8 madde: Kültür ve Turizm Bakanlığı’ndan tahsisli konaklama tesislerinden alınan kira bedellerinin 2016 yılı ödemeleri ertelenecek ve 3 eşit taksitte ödenecek.
9 madde: Aynı şekilde Bakanlık tahsisli konaklama tesislerinin toplam ciroları üzerinden alınan hasılat pay bedellerinin 2016 yılı ödemeleri de aynı şekilde ertelenecek ve 3 eşit taksitte tahsil edilecek.
Bu paket ile turizm sektörüne sağlanacak hibe desteği yaklaşık 255 milyon lira. Öte yandan ertelenecek ve taksitlendirilecek bedeller de 288 milyon lira. Kaynağı ise Maliye’nin yedek ödeneği.
Paketin yorumu…
Sektörün pakete bakışı olumlu gibi. Ama olumlu bakanlar sektörün sadece bir kısmı. Konuya ciddi bakanlar için konu, adeta “kızgın demire düşen damla” gibi.

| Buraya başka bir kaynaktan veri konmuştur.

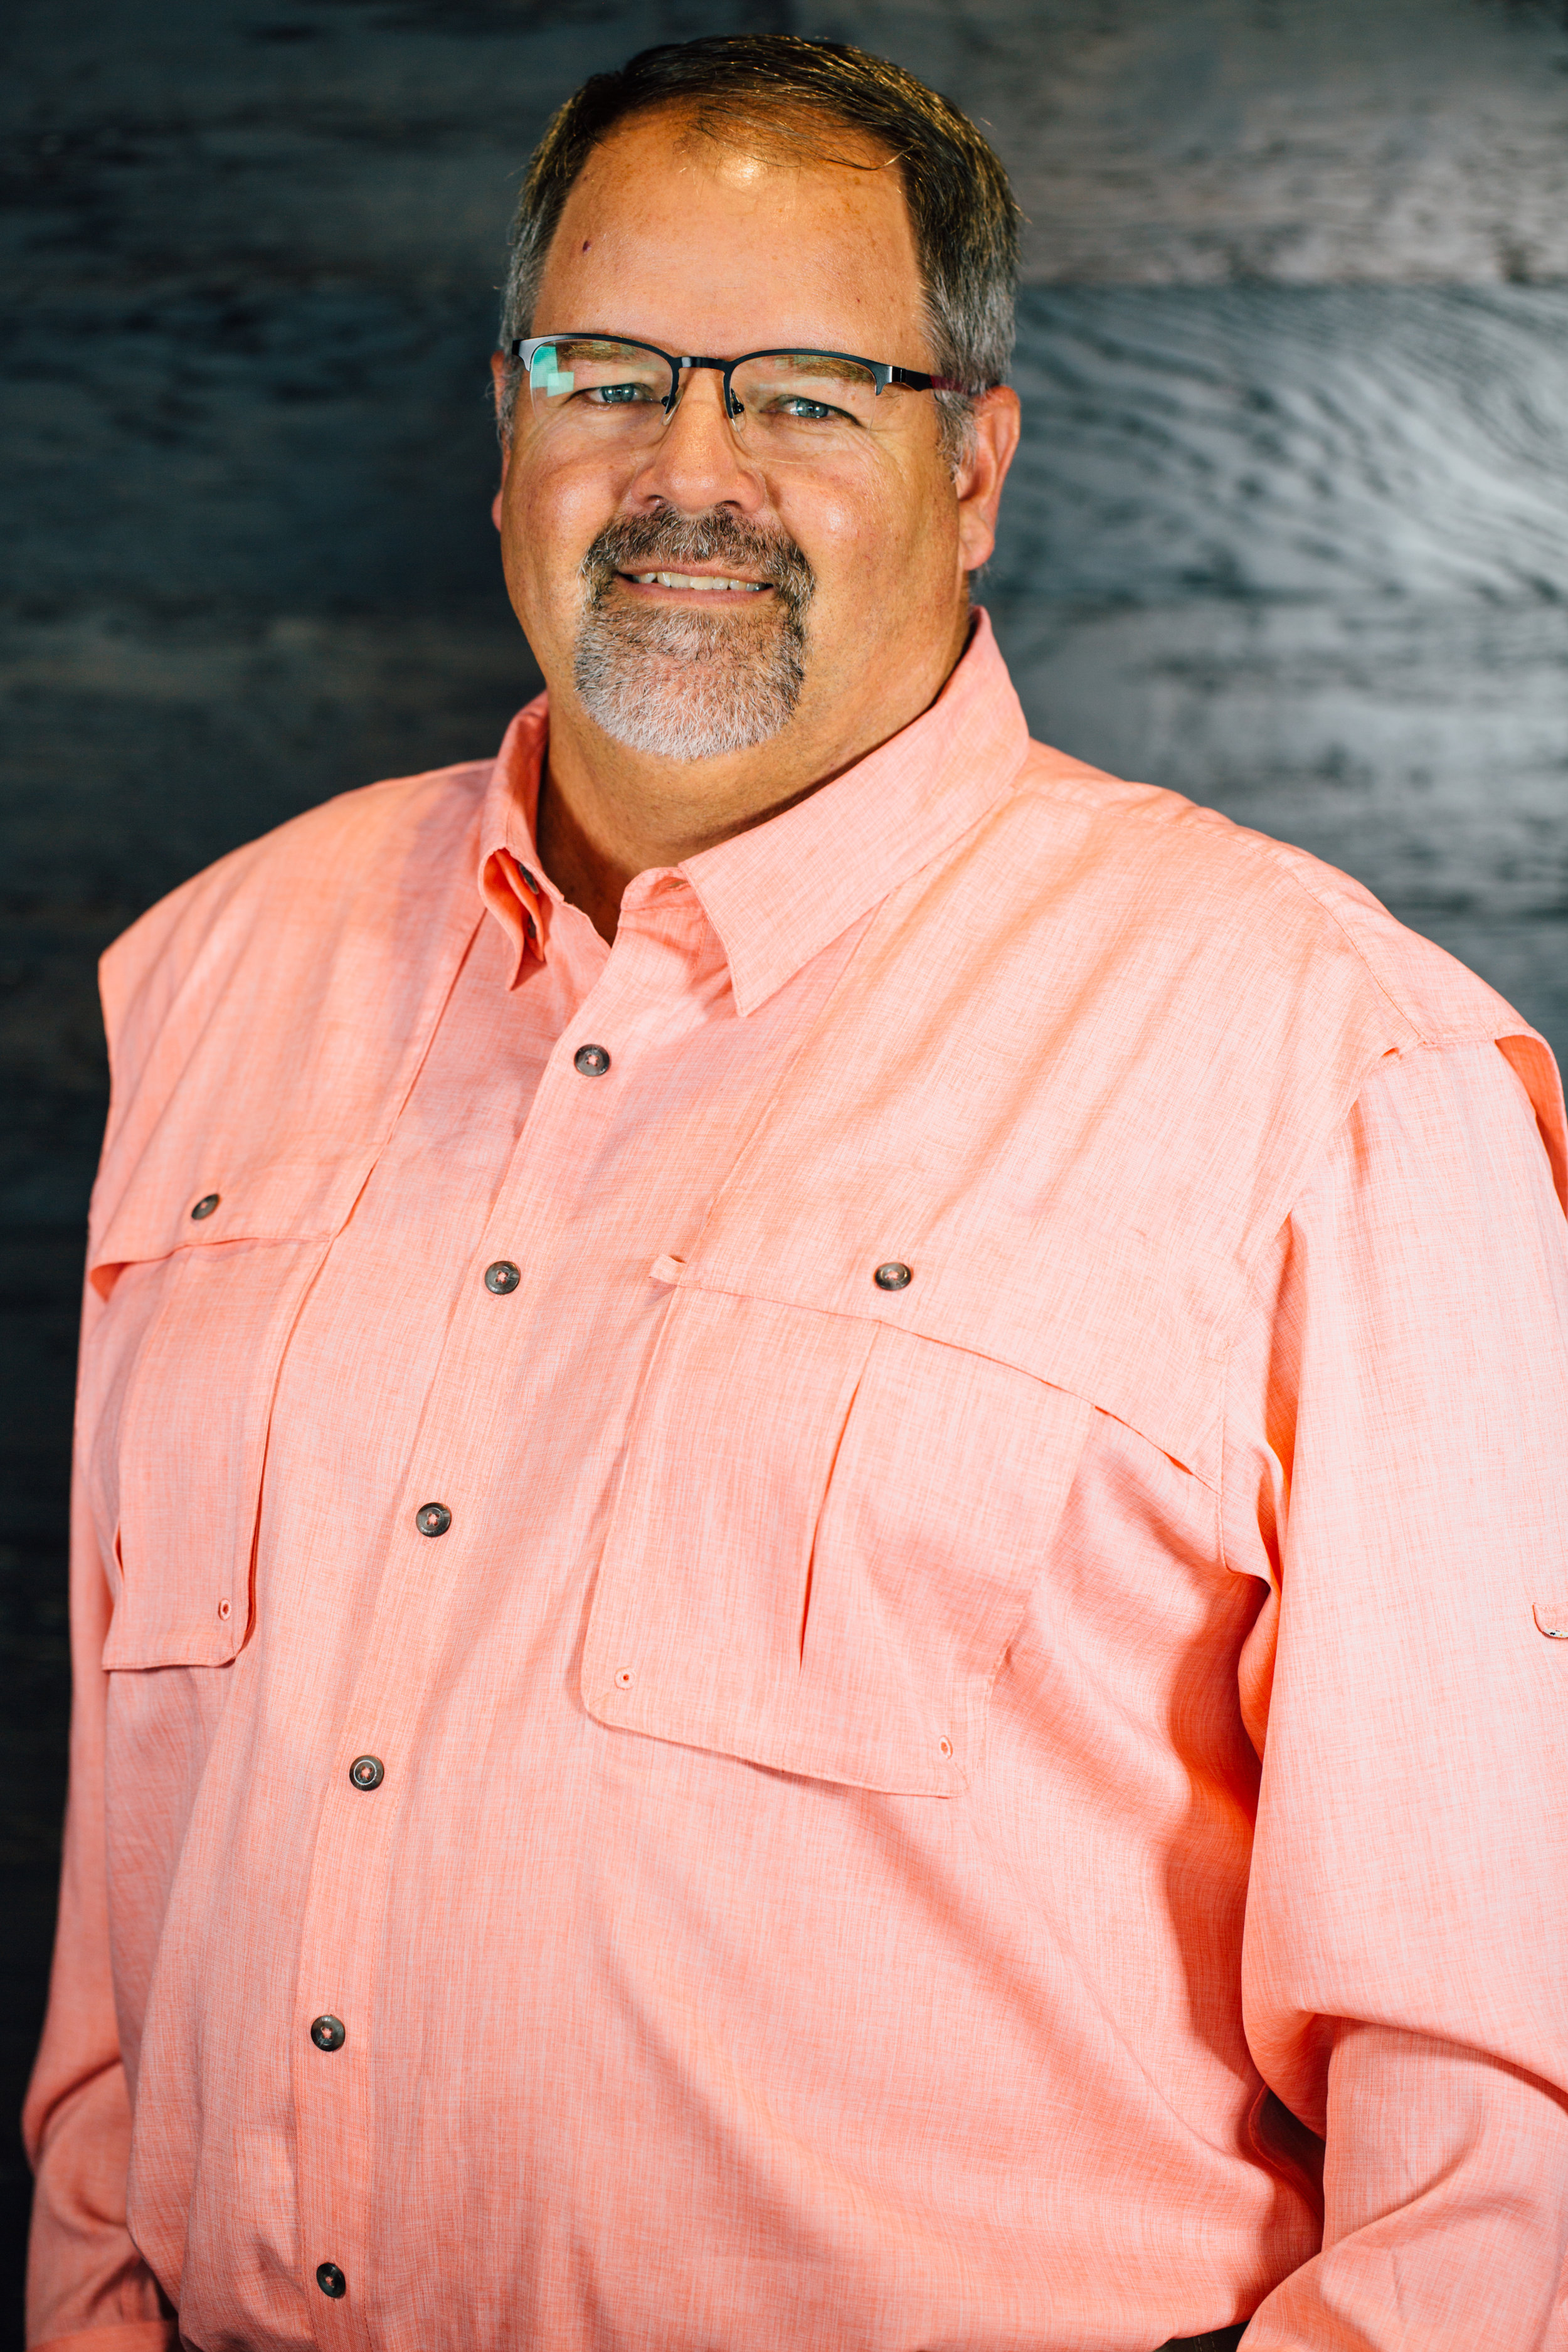 Jeff Selgeby - Stephen Ministry - jbselgeby@gmail.com

Konunun birkaç açıdan açmazı var…
- Özellikle ve her şeyden önce söylemeliyiz ki turizmdeki sorunlar yüzeysel değil, tam aksine yapısal. - Dolayısıyla pansuman tedbirlerle çözüm kalıcı değil.
- Bu düzenlemelerin ekonominin tümü açısından bir kazanımı yok. Devletten çıkıyor, sınırlı sayıda turizmcinin (tur operatörünün) cebine giriyor.
- Uygulamaların bu şekilde genişletilmesi veya kalıcı hale gelmesi sektörü beklenti içerisine sokuyor.
- Turizm master planı yok. Nerede, neyin ve nasıl yapılacağı bilinmiyor. Devlet önüne gelen plansız, hesapsız belge veriyor. O zaman da tüm Ankara’da otellerin doluluk oranı ortalama yüzde ellinin altında kalıyor.
Açıkçası sektörün bayram edeceği tedbirler yok ortada. Alkış tutanlar ya yeni arayışlara alt yapı yapıyorlar veya bildikleriyle şaşırtıyorlar.
İnşallah biz yanılalım ve şaşıralım diyorum.